His health bill would offer subsidies (your tax dollars) on a sliding scale to help pay the companies for the mandated plans. It would create state-based exchanges where individuals and small businesses could shop for insurance. But the companies have free rein to charge whatever they can. The companies get a captive market of forty million new clients and make even bigger profits. The cheaper plans will be the ones with the fewest doctors to choose from, the worst benefits and reliability. The CEOs of the largest insurance companies get paid about $24 million a year to figure out all this stuff.

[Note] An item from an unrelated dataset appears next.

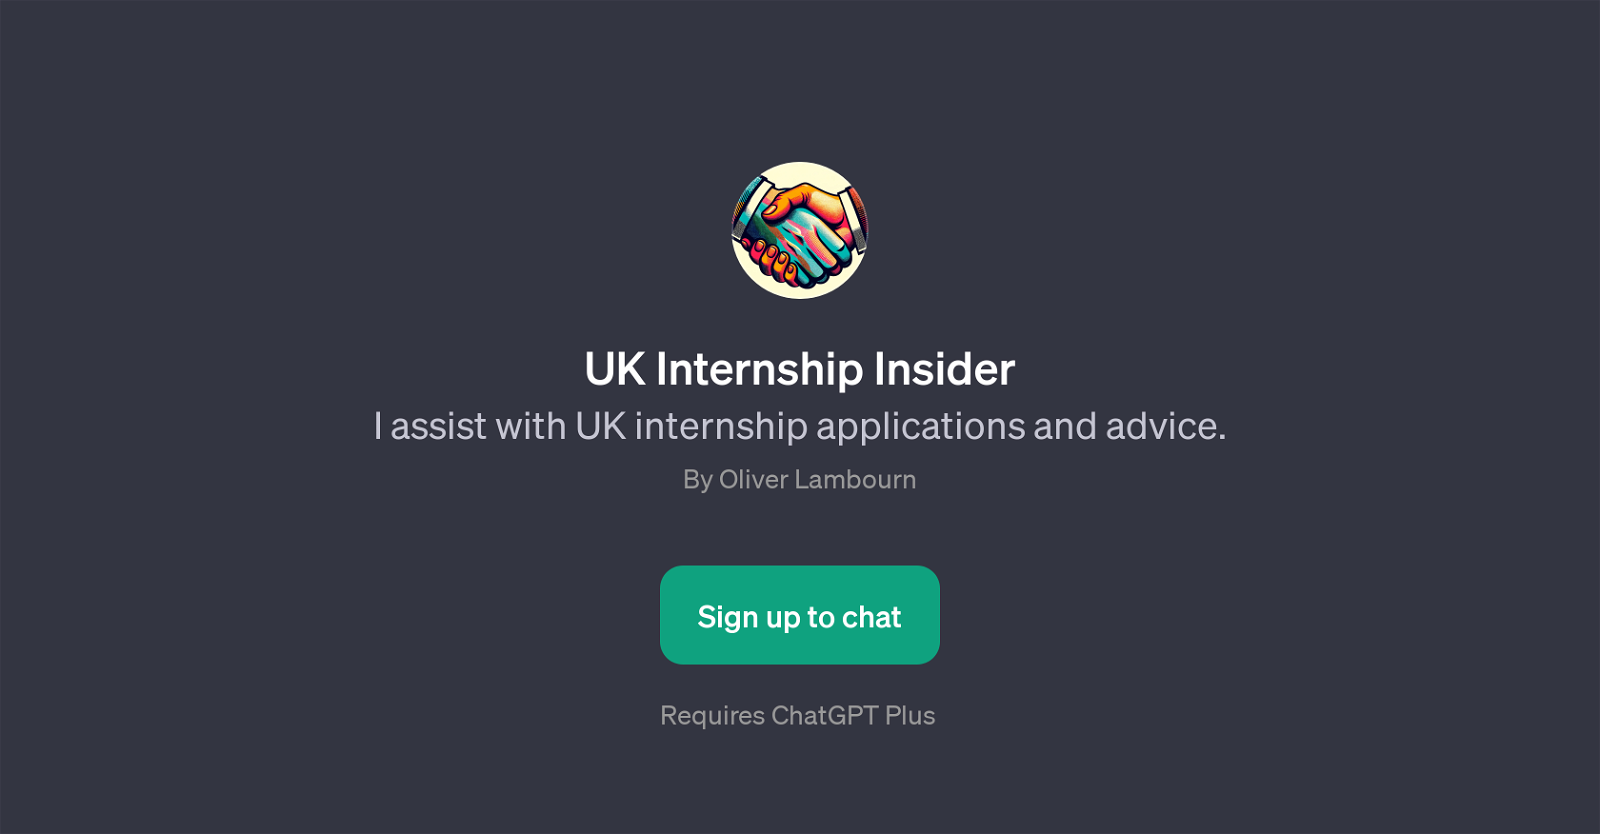 UK Internship Insider website
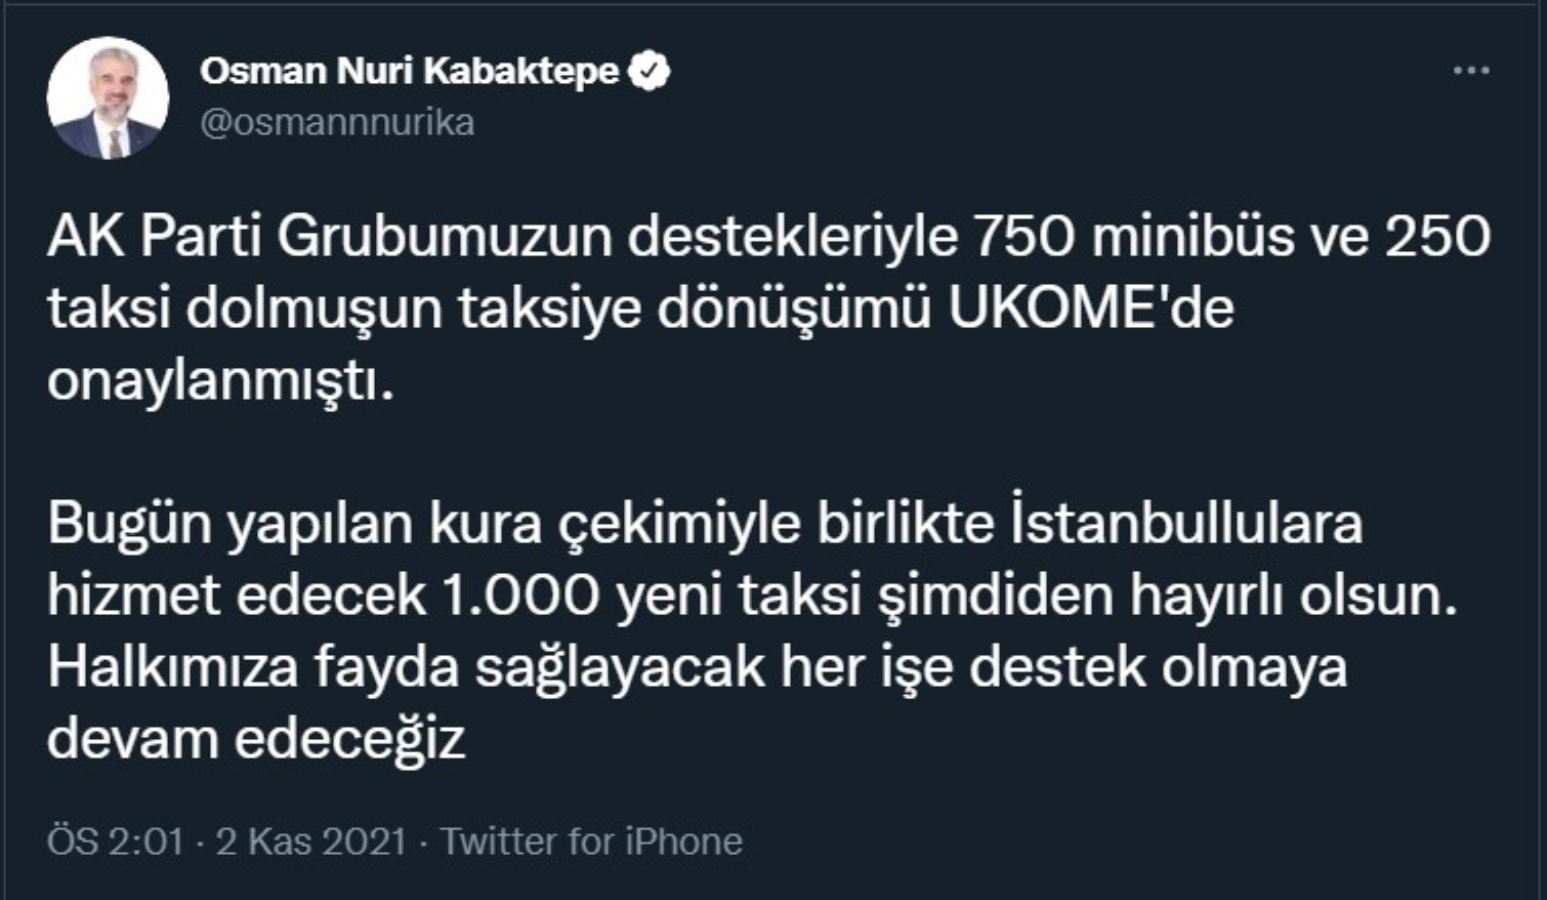 AKP'li Kabaktepe'den dikkat çeken taksi paylaşımı: "AK Parti" grubu diye niteledi"

We are the only country with a for-profit system as the driving force in health care. We spend more than enough to have universal coverage, but we don’t get it because 1/3 of our healthcare dollars don’t go to pay doctors and hospitals for healthcare but into the pockets of middlemen. We spend per capita $7290, still leaving almost 50 million uninsured and over 60% of bankruptcies are the result of medical bills. Compare that to countries with single payer/nonprofit health care: France: $3601; United Kingdom: $2992; Japan: $2581. The average cost in developed nations: $2964. And they have healthier populations.

The public option is critical to control costs and act as a check on private insurance companies because no anti-trust regulations are applicable to private insurers. Real competition is currently stymied by large national insurance companies buying up smaller firms and creating a monopoly. In some states, a single company may control over 83 percent of the insurance market. Even lower premiums are out of reach for millions of Americans because of the lack of competition. Family coverage, even in large risk pools is $13,000 a year.

Baucus thinks co-ops would be good (whispered into his ear by the guy with the gun.) Companies could sell across state lines. But some states have regulations with strong protections for consumers and aggressive enforcement while others do not. If you buy a plan that is issued in Wyoming and you live in California---you are subject to the laws of Wyoming if there is a dispute over payment of claims. Older people will pay more for coverage and most will get fewer benefits. The proposal will limit out–of-pocket payments when you get sick, but that will just be shifted back onto the premiums. They call it sausage making. I call it instant garbage. The real solution is single payer. Check it out. http://en.wikipedia.org/wiki/Single-payer_health_care


Sylvia Hampton is a community activist inducted into the San Diego County Women’s Hall of fame for 2008 for her work in the fields of healthcare reform, social justice and reproductive health. She is the past president of the League of Women Voters of San Diego County and served on President Nixon’s Title X Family Planning Council. Her monthly Community Forum column is published in the Rancho Bernardo Sun, Diamond Gateway Signature, and her Soapbox in the East County Magazine. Opinions are Sylvia’s alone and not to be interpreted as the policies of the League of Women Voters or East County Magazine.